While the quiet desertion of the ant-army bureaucracy to the Thieu machine was almost imperceptible to outside observers, the desertion of Ky's supporters in the National Assembly's cash-and-carry lower house was scandalously obvious. Shortly after the October 1967 parliamentary elections were over and the National Assembly convened for the first time since the downfall of Diem, the Thieu and Ky machines had begun competing for support in the lower house. (90) Using money provided by General Loan, Ky had purchased a large bloc of forty-two deputies, the Democratic Bloc, which included Buddhists, southern intellectuals, and even a few hill tribesmen. Since Thieu lacked Ky's "confidential funds," he had allied himself with a small twenty-one-man bloc, the Independence Bloc, comprised mainly of right-wing Catholics from northern and central Vietnam. (91) Both men were paying each of their deputies illegal supplemental salaries of $4,000 to $6,000 a year, in addition to bribes ranging up to $1,800 on every important ballot. (92) At a minimum it must have been costing Ky $15,000 to $20,000 a month just to keep his deputies on the payroll, not to mention outlays of over $100,000 for the particularly critical showdown votes that came along once or twice a year. In May 1968 General Lansdale reported to Ambassador Bunker that "Thieu's efforts . . . to create a base of support in both Houses have been made difficult by Ky's influence among some important senators . . . and Ky's influence over the Democratic Bloc in the Lower House." (93) However, throughout the summer of 1968 Ky's financial difficulties forced him to cut back the payroll, and representatives began drifting away from his bloc.
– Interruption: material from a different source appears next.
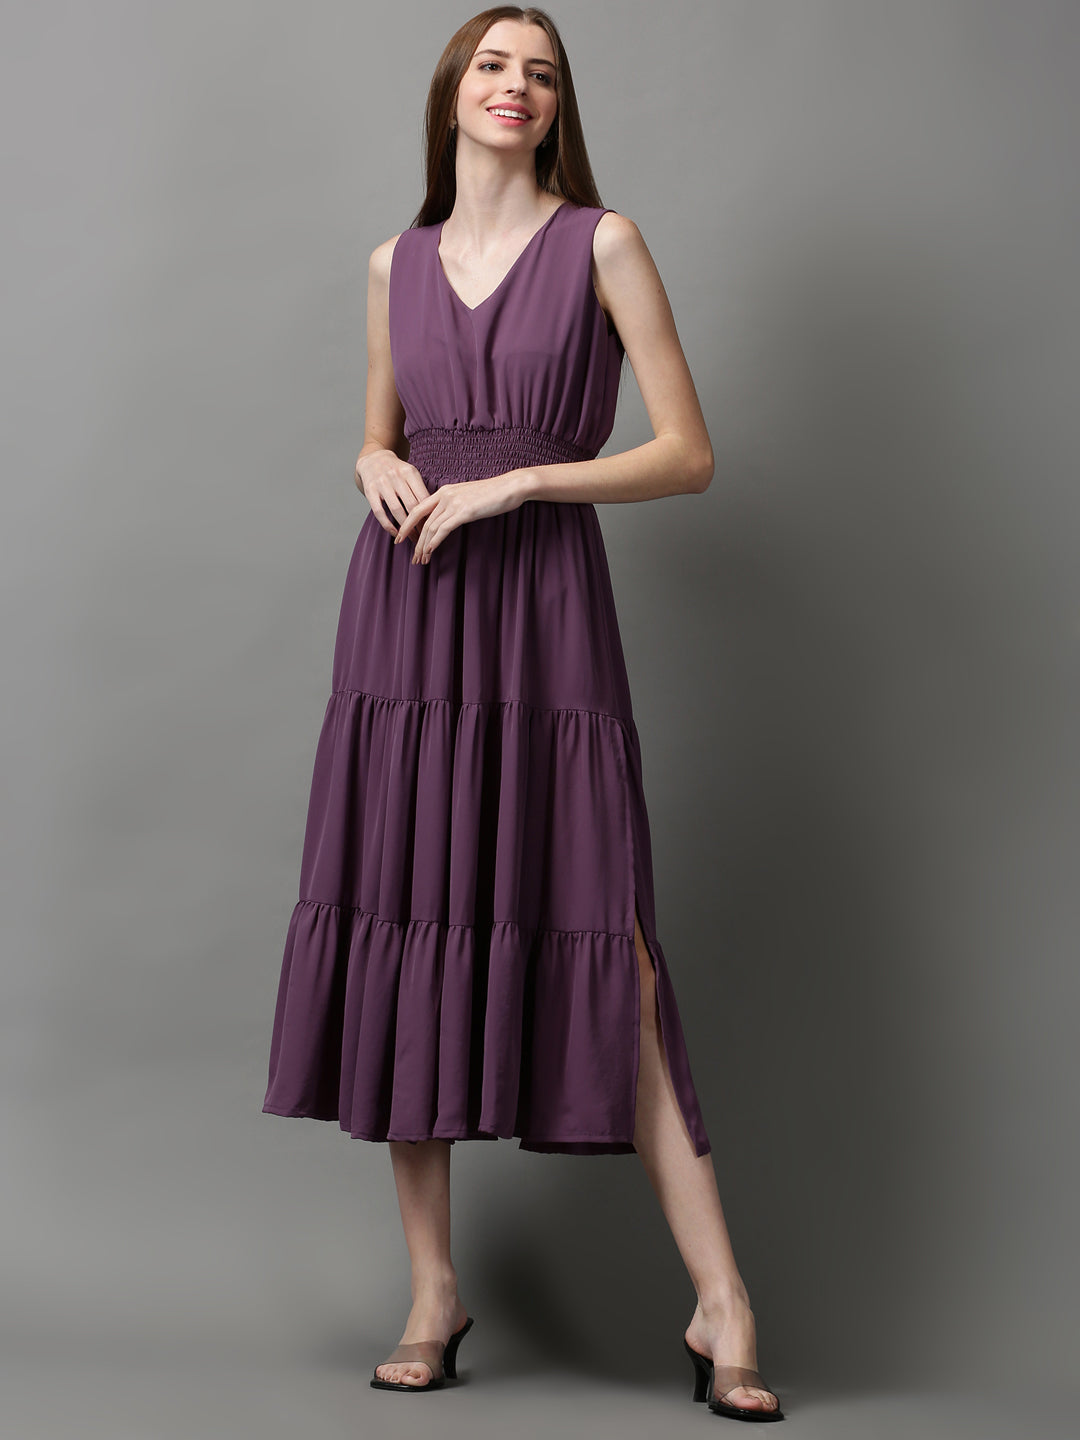 Women's Purple Solid Fit and Flare Dress

As Thieu's financial position strengthened throughout the summer, his assistant in charge of relations with the National Assembly approached a number of deputies and reportedly offered them from $1,260 to $2,540 to join a new proThieu faction called the People's Progress Bloc. One deputy explained that "in the last few months, the activities of the lower house have become less and less productive because a large number of deputies have formed a bloc for personal interests instead of political credits." In September The Washington Post reported:

"The "Democratic Bloc," loyal to Vice President Ky, now retains 25 out of its 42 members. Thieu and Ky have been privately at odds since 1966. Thieu's ascendancy over his only potential rival has grown substantively in recent months.

The severe blow dealt to the Ky bloc in the House has not been mentioned extensively in the local press except in the daily Xay Dung (To Construct), which is a Catholic, pro-Ky paper." (94)

These realignments in the balance of political power had an impact on the opium traffic. Despite his precipitous political decline, Air ViceMarshal Ky retained control over the air force, particularly the transport wing. Recently, the air force's transport wing has been identified as one of the most active participants in South Vietnam's heroin smuggling (see pages 187-188). Gen. Tran Thien Khiem, minister of the interior (who was to emerge as a major faction leader himself when he became prime minister in September 1969) and a nominal Thieu supporter, inherited control of Saigon's police apparatus, Tan Son Nhut customs, and the Saigon port authority. However, these noteworthy internal adjustments were soon dwarfed in importance by two dramatic developments in South Vietnam's narcotics trafficthe increase in heroin and morphine base exports destined for the American market and the heroin epidemic among American GIs serving in South Vietnam.